# moulds for G scale brick blocks



## mymodeltrain (May 14, 2013)

My next "adventure" is to make brick buildings. I don't know if I am skillful enough but am obsessed with the idea. I wonder if someone can tell me where to buy the moulds for making brick blocks like the ones shown in Linka world?


----------



## riderdan (Jan 2, 2014)

I'm not sure about those, but I've had good luck with the wall section/block molds from Hirst Arts


----------



## jimtyp (Jan 2, 2008)

Could you use these sheets to help you make your brick pattern?

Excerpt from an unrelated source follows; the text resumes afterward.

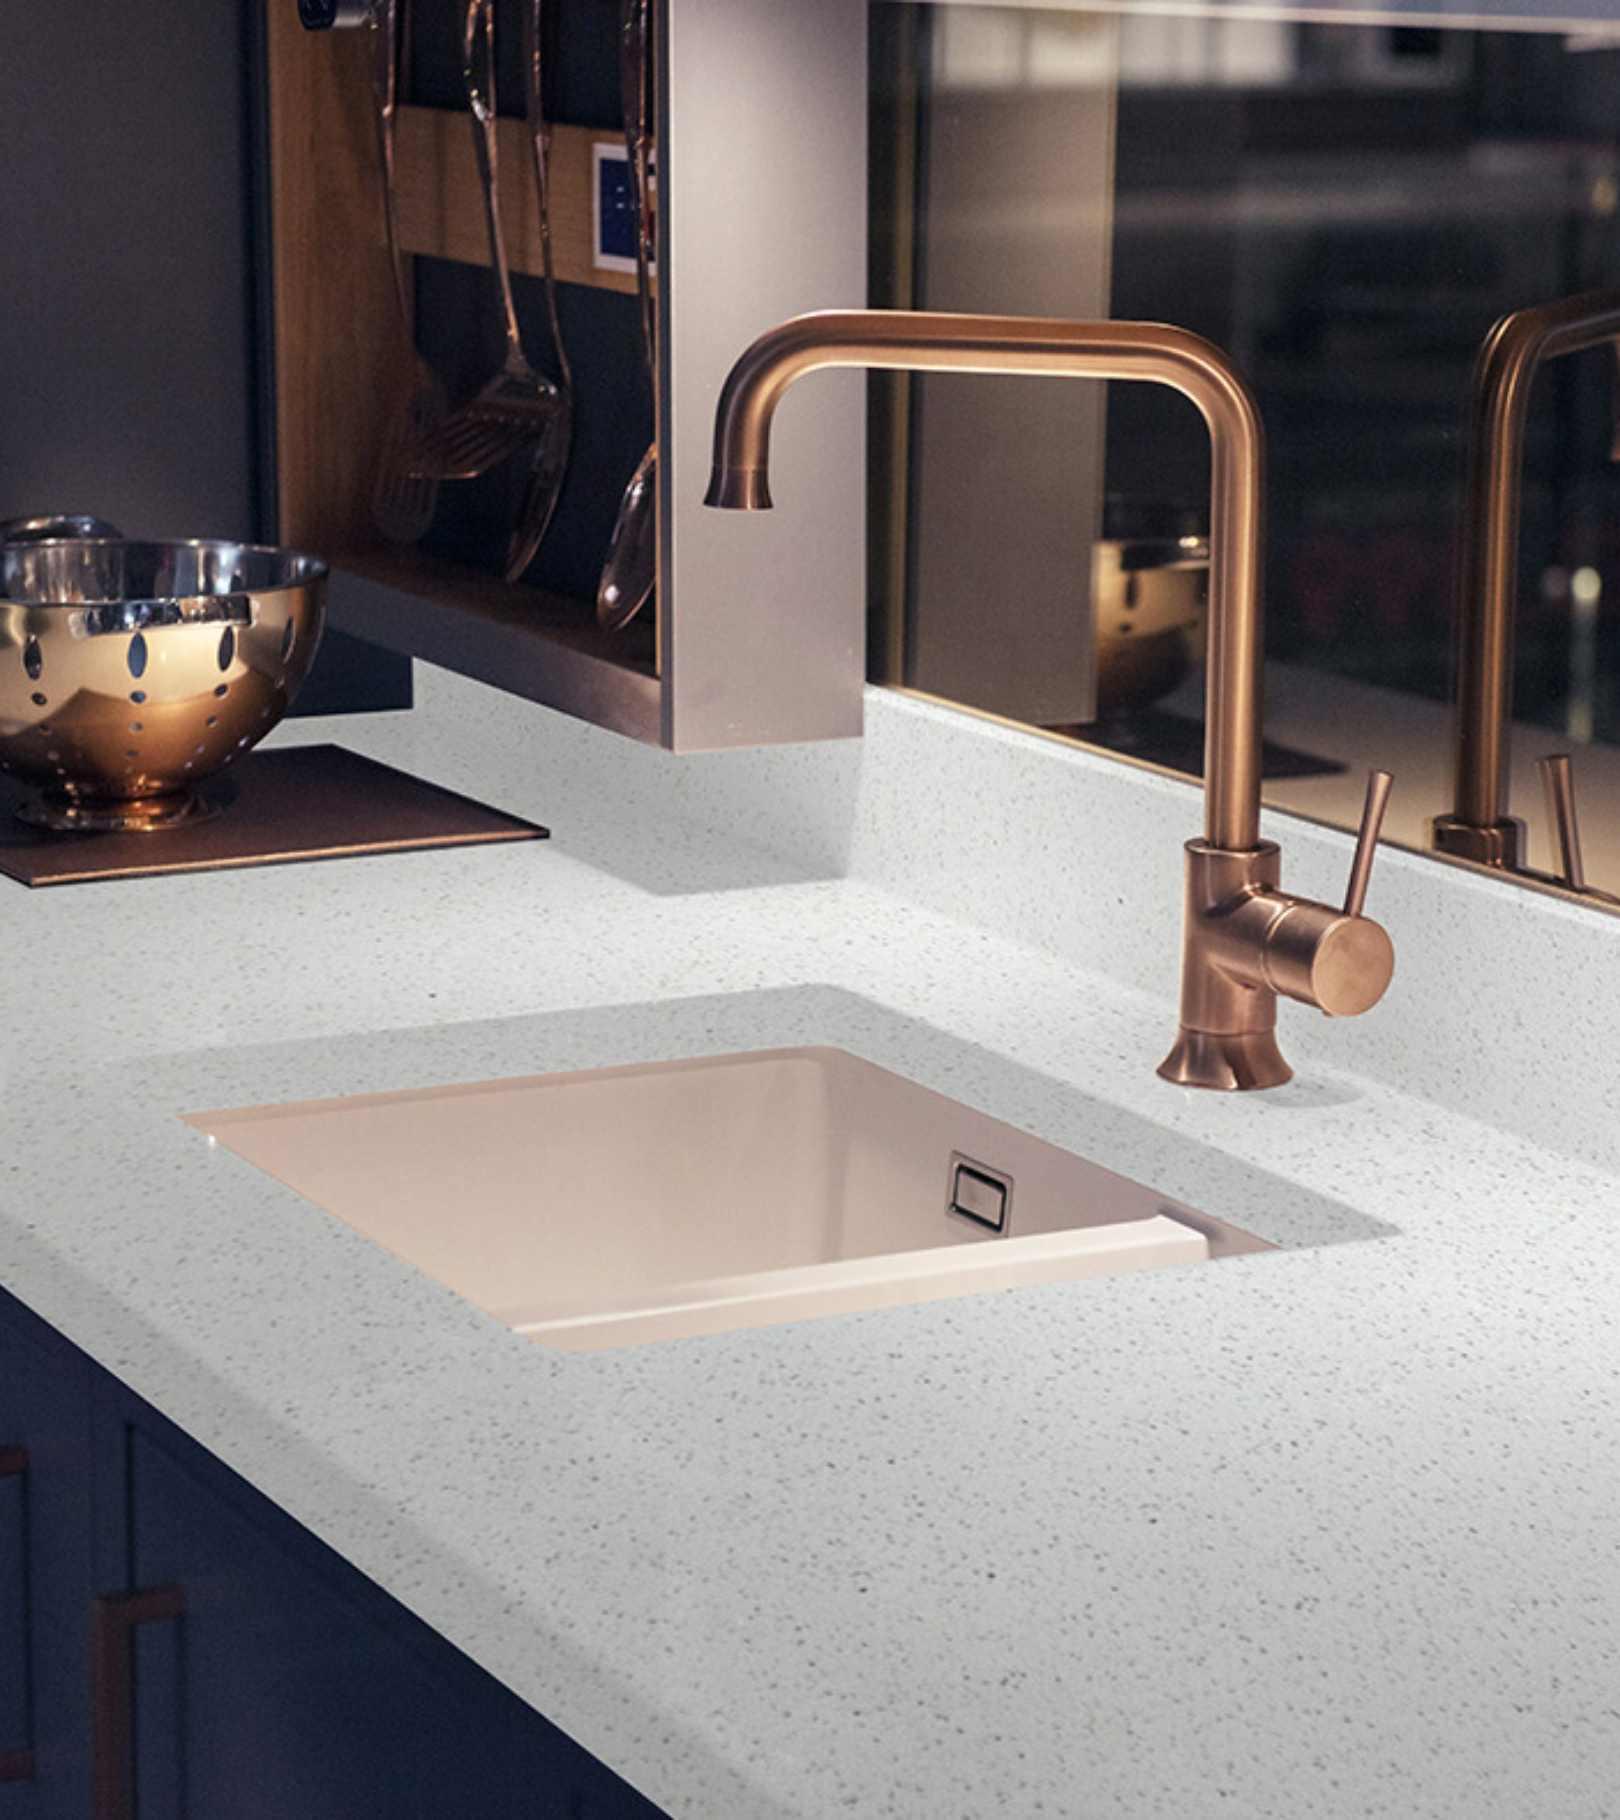 Silver Start White quartz countertop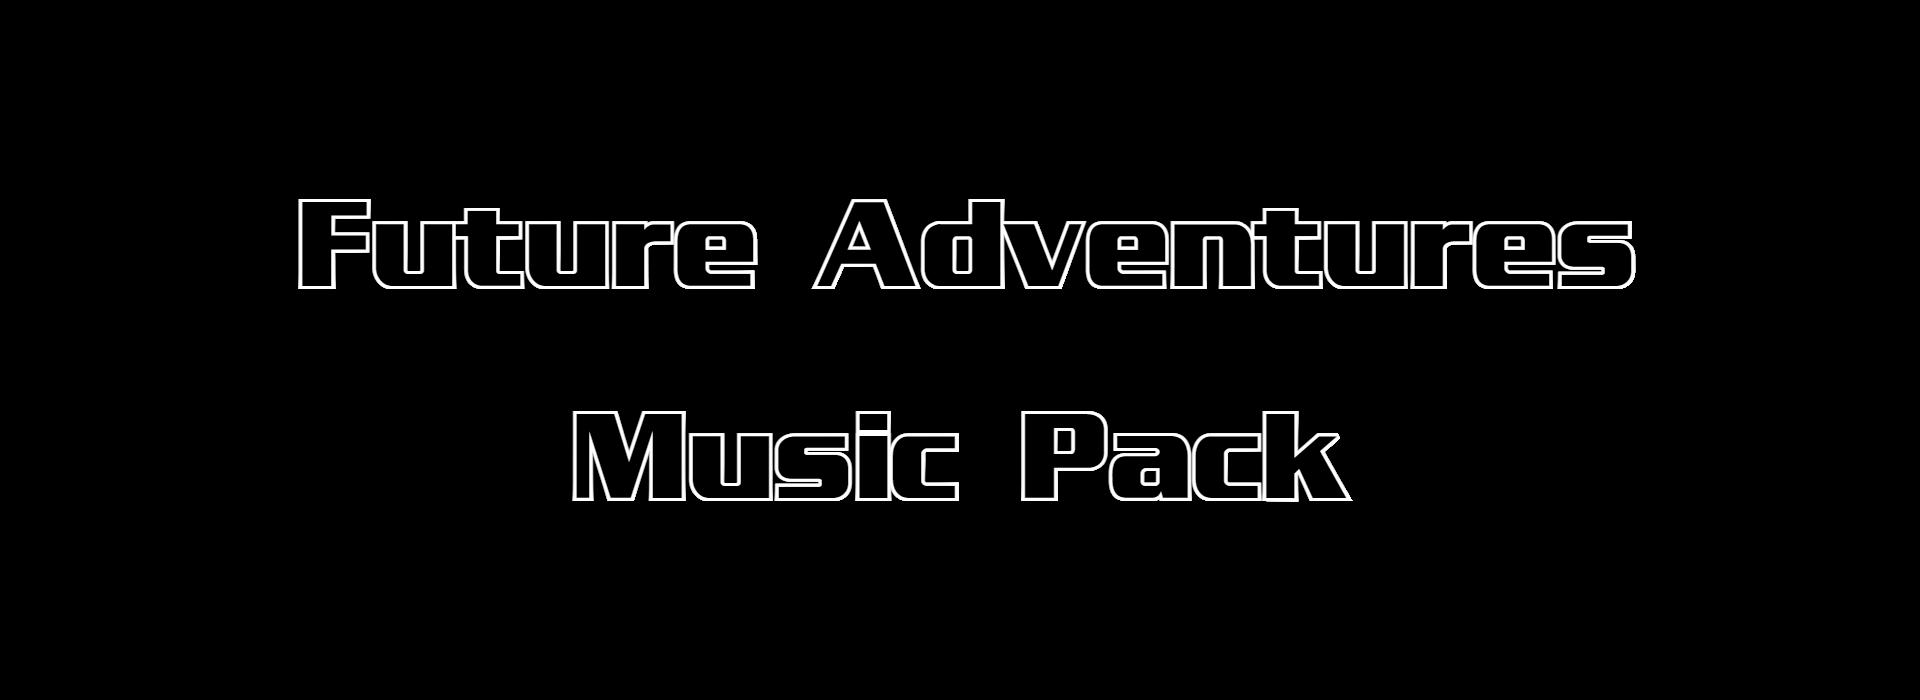 Future Adventures Music Pack

http://www.ozarkminiatures.com/scripts/prodList.asp?idCategory=1325

-Jim


----------



## Larry Green (Jan 2, 2008)

Take a look at richardstacy.com

Larry


----------



## Greg Elmassian (Jan 3, 2008)

The "bricks" mentioned are an extensive system of molds for making castings:

Bricks, stone, timber, roofs....

http://www.linkaworld.com/catalog.htm


----------



## Wesley Furman (Jan 2, 2008)

I always enjoy building with Jig Stone. TrainLi does carry molds. 
http://www.trainli.com/categories/listing/112
Wesley


----------



## jimtyp (Jan 2, 2008)

Greg, did you find a scale listed anywhere for the Linka World molds?

-Jim


----------



## jimtyp (Jan 2, 2008)

Ah, found it in the FAQ:

...the Linka moulds are 1/76 scale. 

I like them but small for G.


----------



## mymodeltrain (May 14, 2013)

jimtyp said:


> Ah, found it in the FAQ:
> 
> ...the Linka moulds are 1/76 scale.
> 
> I like them but small for G.


I agreed, very nice but too small for G scale.


----------



## David Leech (Dec 9, 2008)

Well, you could get a 3D printer and make up your own masters, then make molds to cast your pieces!
Cheers,
David Leech, Delta, Canada


----------



## hcampbell (Jan 2, 2008)

JigStones made a G scale set of brick molds. I didn't find any on E-Bay but you might ask around.
http://www.trainweb.org/girr/tips/tips6/jigstones_tips.html
The samples are all stone, but there are also brick molds.

Harvey C.


----------



## Dan Pierce (Jan 2, 2008)

Trainli.com has the jigstones molds.


----------



## Dennis Cherry (Feb 16, 2008)

I have some I am willing to part.

Have to get inventory.


----------